Scientists are problem solvers. There are technological advancements that happened by chance and those that happened because of research. Regardless of how much effort is invested in coming up with an answer, these answers are always a means to a goal, solutions to a problem.
NoSQL databases were created in response to the requirement to overcome certain limitations of relational databases. These limitations usually come as a result of the need to break free of the tight table schema of relational databases.
A major advantage of NoSQL databases is their performance and scalability. They are typically quick to process the data stored. Finally, another limitation overcome with NoSQL is the variety of data types that can be stored.
What are document-based databases?
A document-based database, aka a document store, stores information within CML, YAML, JSON or binary documents such as BSON. To organize these documents in one whole, there is a specific key assigned to each document. This characteristic makes document stores similar to key-value stores.
Even though document stores do not have a unified schema, they are usually organized in order to easily use and eventually analyze data. This means they are structured, to an extent. Seeing that each object is commonly stored in a single document, there is no need for defining relationships between documents.
These documents are in no way similar to tables of a relational database; they do not have a set number of fields, slots, etc. and there are no empty spaces -- the missing info is simply omitted rather than there being an empty slot left for it. Data can be added, edited, removed and queried.
The keys assigned to each document are unique identifiers required to access data within the database, usually a path, string or Uniform Resource Identifier. IDs tend to be indexed in the database to speed up data retrieval.
The content of documents within a document store is classified using metadata. Due to this feature, the database "understands" what class of information it holds -- whether a field contains addresses, phone numbers or social security numbers, for example. For improved efficiency and user experience, document stores have query language, which allows querying documents based on the metadata or the content of the document. This allows you to retrieve all documents which contain the same value within a certain field.
- SQL: Table, Row, Column, Primary key, Index, View, Nested table or object, Array
- MongoDB: Collection, Document, Field, ObjectId, Index, View, Embedded document, Array
One of the top priorities in any business is making the most of the time and resources given, increasing overall efficiency. Selecting the right database based on its purpose and the type of data collected is a crucial step. The following features of a document store could make it the right choice for you:
- Flexibility. Document stores have the famous advantage of all NoSQL databases, which is a flexible structure. As mentioned previously, documents of one database do not require consistency. They do not have to be of the same type, nor do they have to be structured the same.
- Easy to update. Any new piece of information, when added to a relational database, has to be added to all data sets to maintain the unified structure within a table of a relational database. With document stores, you can add new pieces of information easily without having to add them to all existing data sets.
- Improved performance. Rather than pulling data from multiple related tables, you can find everything you need within one document. With everything kept in a single location, it is much faster to reach and retrieve the data.

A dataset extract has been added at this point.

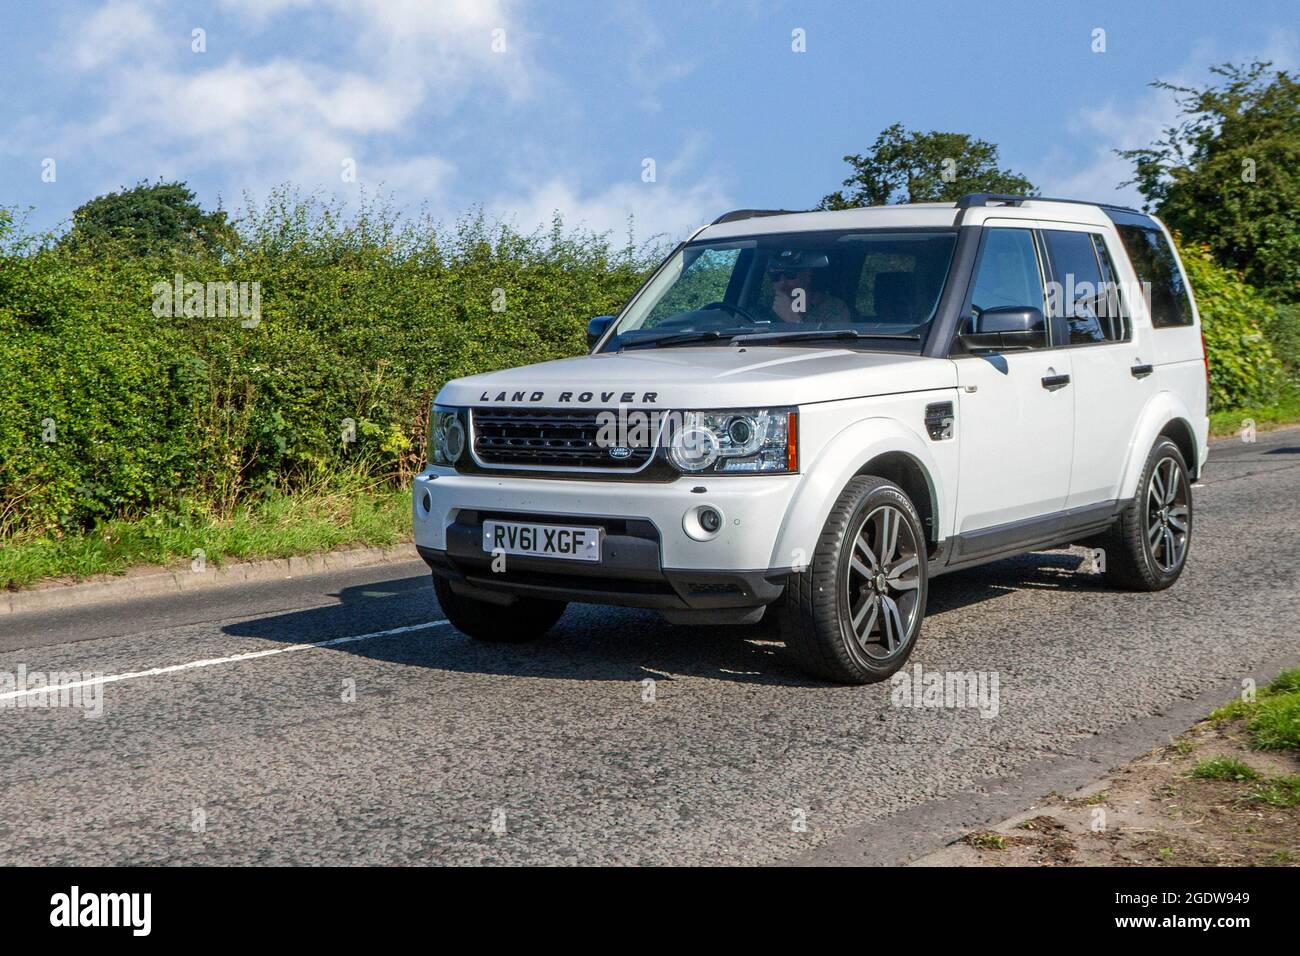 2011 Fuji White Land Rover Discovery SDV6 Landmark LE 6 speed 3.0 litre SDV6 twin-turbo diesel engine automatic, en-route to Capesthorne Hall classic July car show, Cheshire, UK Stock Photo

Regardless of the size of a database, by virtue of being only semistructured, NoSQL databases are simple when compared to relational databases. If you jeopardize the simplicity of a document store, you will also jeopardize the previously mentioned improved performance. You can create references between documents of a document store by interlinking them, but doing so can create complex systems and deprive you of fast performance.

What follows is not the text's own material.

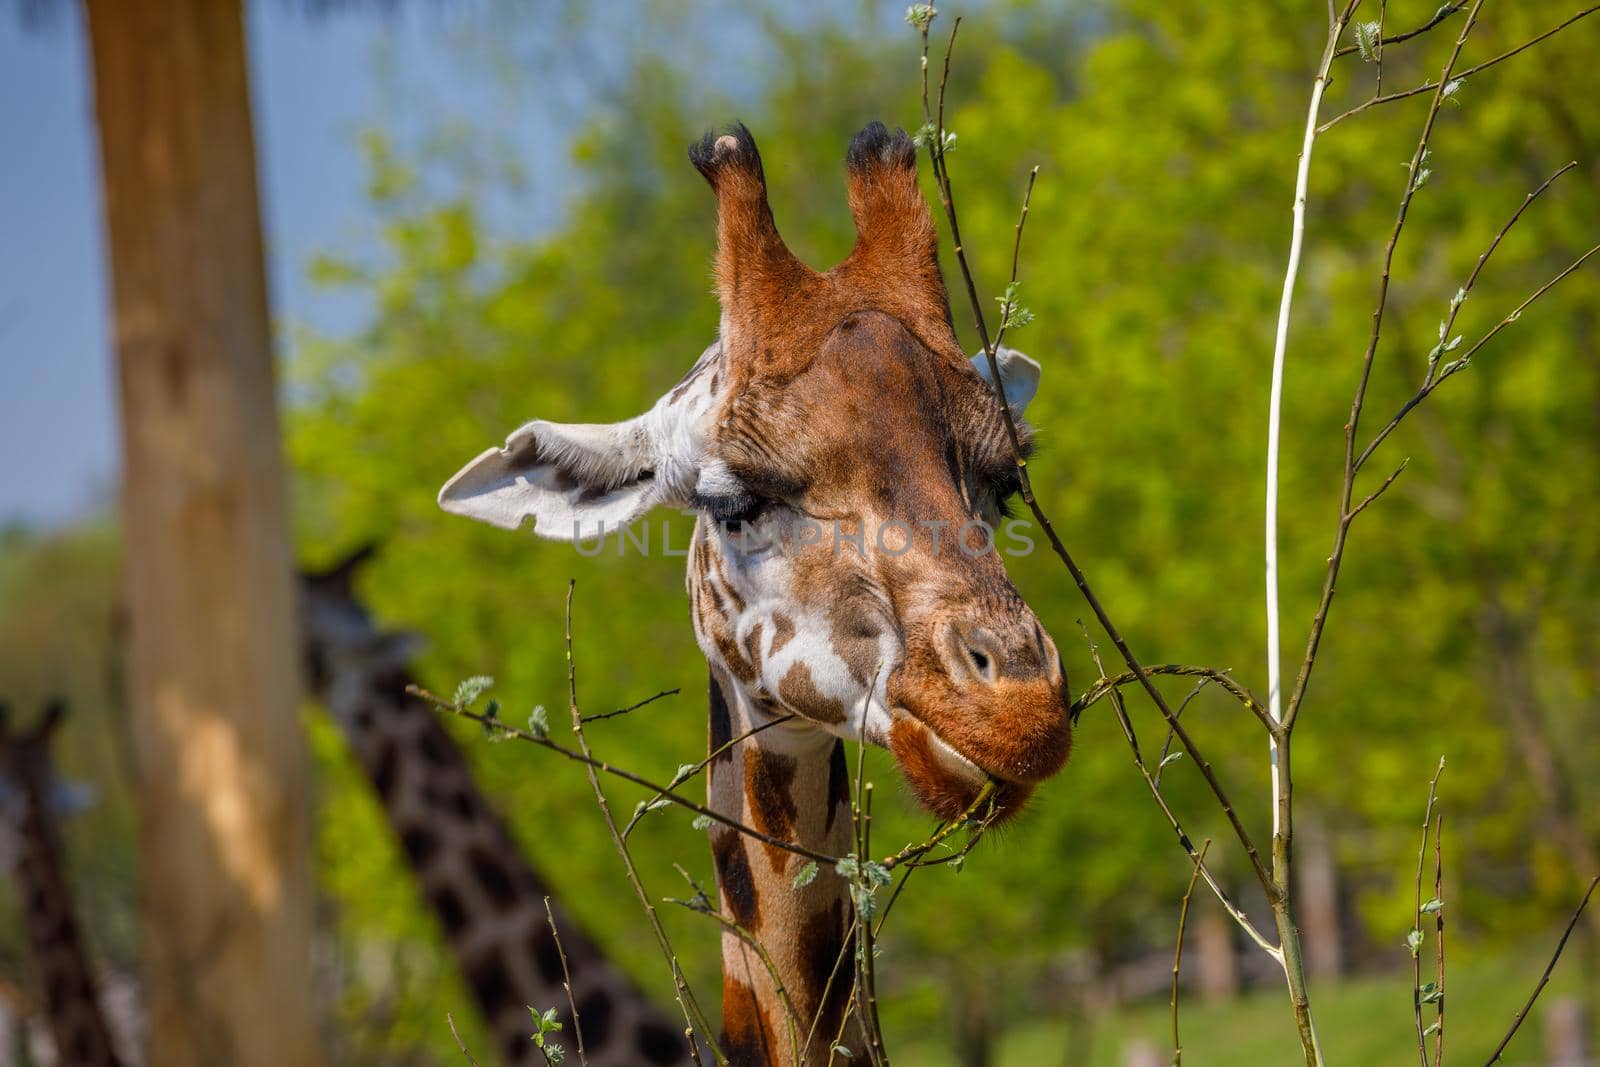 An adult giraffe with small horns gnaws at young tree twigs. Close-up

If you have a large-volume database and you would like to create a network of mutually referenced data, you are better off finding a way of mapping it and fitting it into a relational database.
Use cases of document-based databases
A document store is an easy way to store and retrieve information contained within documents and pertaining to a single object. For this reason, this type of database is convenient for user profiles where you have information about a single user and the user chooses what to provide and how to do it.
Similarly, to certain other NoSQL database types, it is also convenient for content management and user-generated content such as blogs.
Most popular document-based databases
Some of the most popular document stores are already mentioned in this article. Others include MongoDB Atlas, Amazon DynamoDB, Google Cloud Firestore and Couchbase Server.
All NoSQL databases have something in common. They are usually designed to fit specific purposes and accommodate requests that a relational database would have a hard time fulfilling. You can now make the most of your data by not having to spend time placing it in a table of a relational database and mapping out the relationships between the tables. Simply store it from the existing data source and extract it most efficiently.